DATASET ▸
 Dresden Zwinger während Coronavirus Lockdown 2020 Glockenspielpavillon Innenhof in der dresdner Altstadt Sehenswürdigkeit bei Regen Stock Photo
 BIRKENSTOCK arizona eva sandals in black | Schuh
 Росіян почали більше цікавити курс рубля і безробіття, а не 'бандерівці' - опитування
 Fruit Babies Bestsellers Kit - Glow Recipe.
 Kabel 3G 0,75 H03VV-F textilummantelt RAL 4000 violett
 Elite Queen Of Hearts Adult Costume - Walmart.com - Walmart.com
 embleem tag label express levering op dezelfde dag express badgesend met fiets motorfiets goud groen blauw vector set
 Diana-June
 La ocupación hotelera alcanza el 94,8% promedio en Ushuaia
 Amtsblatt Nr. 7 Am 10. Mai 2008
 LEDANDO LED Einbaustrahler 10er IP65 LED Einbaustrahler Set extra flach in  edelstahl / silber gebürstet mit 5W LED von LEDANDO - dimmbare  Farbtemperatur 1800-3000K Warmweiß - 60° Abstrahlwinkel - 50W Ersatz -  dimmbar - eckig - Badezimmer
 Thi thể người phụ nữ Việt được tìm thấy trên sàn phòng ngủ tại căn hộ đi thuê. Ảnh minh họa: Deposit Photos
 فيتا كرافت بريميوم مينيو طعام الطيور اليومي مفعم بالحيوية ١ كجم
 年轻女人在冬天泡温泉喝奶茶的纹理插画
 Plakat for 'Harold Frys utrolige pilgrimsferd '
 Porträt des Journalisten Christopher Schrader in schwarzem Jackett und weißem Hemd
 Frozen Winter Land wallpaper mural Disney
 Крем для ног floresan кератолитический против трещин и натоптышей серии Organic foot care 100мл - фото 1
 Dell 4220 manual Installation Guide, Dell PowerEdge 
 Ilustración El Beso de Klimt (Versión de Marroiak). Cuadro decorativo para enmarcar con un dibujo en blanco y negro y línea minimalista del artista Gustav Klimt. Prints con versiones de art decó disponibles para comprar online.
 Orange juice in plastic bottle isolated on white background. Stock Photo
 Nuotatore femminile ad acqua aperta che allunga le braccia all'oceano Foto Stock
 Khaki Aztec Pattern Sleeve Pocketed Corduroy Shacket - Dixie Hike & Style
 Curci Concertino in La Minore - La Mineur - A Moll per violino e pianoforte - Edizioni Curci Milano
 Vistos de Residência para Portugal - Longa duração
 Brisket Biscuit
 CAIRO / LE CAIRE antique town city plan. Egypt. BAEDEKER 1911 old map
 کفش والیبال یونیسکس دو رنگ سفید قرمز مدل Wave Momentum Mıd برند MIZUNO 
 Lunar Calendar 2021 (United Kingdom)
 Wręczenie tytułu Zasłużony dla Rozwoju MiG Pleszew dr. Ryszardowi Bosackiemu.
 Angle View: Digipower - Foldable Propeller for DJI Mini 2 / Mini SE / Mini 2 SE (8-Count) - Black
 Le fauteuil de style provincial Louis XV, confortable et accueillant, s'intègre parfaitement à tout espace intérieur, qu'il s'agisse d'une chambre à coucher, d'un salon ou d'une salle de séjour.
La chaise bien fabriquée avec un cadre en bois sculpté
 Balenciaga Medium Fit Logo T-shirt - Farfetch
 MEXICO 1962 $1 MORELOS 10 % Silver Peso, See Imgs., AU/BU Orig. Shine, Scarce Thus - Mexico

WHAT YOU WILL DO ▸
Return, with no change at all, every line in the entries above from the line containing "Curci Concertino in" through the line containing "CAIRO / LE CAIRE".

WRITTEN RESPONSE ▸
 Curci Concertino in La Minore - La Mineur - A Moll per violino e pianoforte - Edizioni Curci Milano
 Vistos de Residência para Portugal - Longa duração
 Brisket Biscuit
 CAIRO / LE CAIRE antique town city plan. Egypt. BAEDEKER 1911 old map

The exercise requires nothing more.